Frank Busch

Biographical details
- Born: February 4, 1951 (age 75) Cincinnati, Ohio

Playing career
- 1969-1973: Loyola University
- Positions: Freestyle, Breastroke, Medley Water Polo Team

Coaching career (HC unless noted)
- 1967-1974: Brookwood Swim Club
- 1974-1978: Northern Kentucky Pirhanas
- 1979-1980: Cincinnati Marlins
- 1980-1989: University of Cincinnati
- 1989-2011: University of Arizona Tucson Ford Aquatics
- 2004, 2008: US Olympic Coach

Accomplishments and honors

Awards
- NCAA Coach of the Year 6 times PAC 10/12 Coach of the Year 11 times USA Swim. Coach of the Year '98 US Olympic Committee Coach of the Year '98 ASCA Hall of Fame 2008 Paragon Award ISHOF 2018

= Frank Busch =

American swimming coach (born 1951)

Frank Busch (born February 4, 1951) was a collegiate, national team and Olympic swimming coach from the United States best known for coaching the University of Arizona from 1989 to 2011. He was a coach for the USA Olympic teams in 2004 and 2008.

==Biography==
Busch was born in Cincinnati, Ohio, on February 4, 1951.

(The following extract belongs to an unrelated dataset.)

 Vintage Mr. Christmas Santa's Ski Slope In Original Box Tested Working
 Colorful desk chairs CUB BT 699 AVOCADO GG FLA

He distinguished himself as a swimmer at an early age, setting Ohio age group records while swimming for the Brookwood Country Club at the age of only 12 in 1964, at the Kentucky Open Swim Meet. He again placed first and set national records in the 400 yard freestyle and medley relays while swimming for the Cincinnati Marlins and later the Covington YMCA. He would coach both the Marlins and the Brookwood Swim Clubs in his early coaching years. In 1966, while attending St. Xavier Junior High School he set a record for the 100 yard individual medly of 1:03. He graduated from Covington Catholic High School, just South of Cincinnati, in 1969.

===College swimming===
Busch swam and played Water Polo for Loyola University in Chicago from 1969 to 1973. He played on the first Loyola Water Polo Team that made the (NCAA) Championship and became a 2020 inductee to the Loyola Athletics Hall of Fame. His 1972 team lost to San Jose State 21-6 and the University of New Mexico (17–12) in the finals.

===Early coaching===
Busch began his coaching career at age 16 in Edgewood, Kentucky. After three years in summer league coaching at Brookwood Swim Club while he attended college from 1969 to 1974, and four years of AAU coaching for the Northern Kentucky Piranhas from 1974 to 1978, he joined the staff of the Cincinnati Marlins for the 1979–80 season as the associate head coach. The Marlins won the National Team Championship that season and placed six swimmers on the 1980 United States Olympic Team.

===College coaching===
From 1980 to 1989, Busch coached at the University of Cincinnati. From 1989 to 2011, he served as the swimming head coach for the Arizona Wildcats at the University of Arizona. His swimmers won 49 NCAA individual titles, 31 NCAA relay titles, and 2 NCAA team championships. While at Arizona, he also led Tucson Ford Aquatics (previously Hillenbrand Aquatics) to several national team championships.

He served as an assistant coach for the U.S. Olympic team at the 2004 and 2008 Olympics. In addition to coaching 12 American Olympians during his tenure at the University of Arizona, Busch coached 22 international Olympians, representing 14 countries.

In May 2011, Busch began serving as USA Swimming's National Team Director, providing the overall vision and leadership for the sport's top coaches and athletes. Under his tenure, USA Swimming won 31 medals at the London Games (2012) and 33 medals at the Rio Games (2016). In both of these Summer Games, USA Swimming's successful campaigns represented 30% of Team USA's total medal count. In September 2017, Busch announced his retirement from the Director position.

==Awards==
During his collegiate coaching career, Busch was named Coach of the Year by the NCAA six times, Pac-10 11 times, USA Swimming (in 1998), and the USOC (1998). In 2008, he was inducted into the ASCA Hall of Fame, and after retirement in 2018 received the Paragon Award from the International Swimming Hall of Fame.

==Personal life==
Busch is married (Patrice). They have five children - Frank, August, Peter, Sam, and Molly.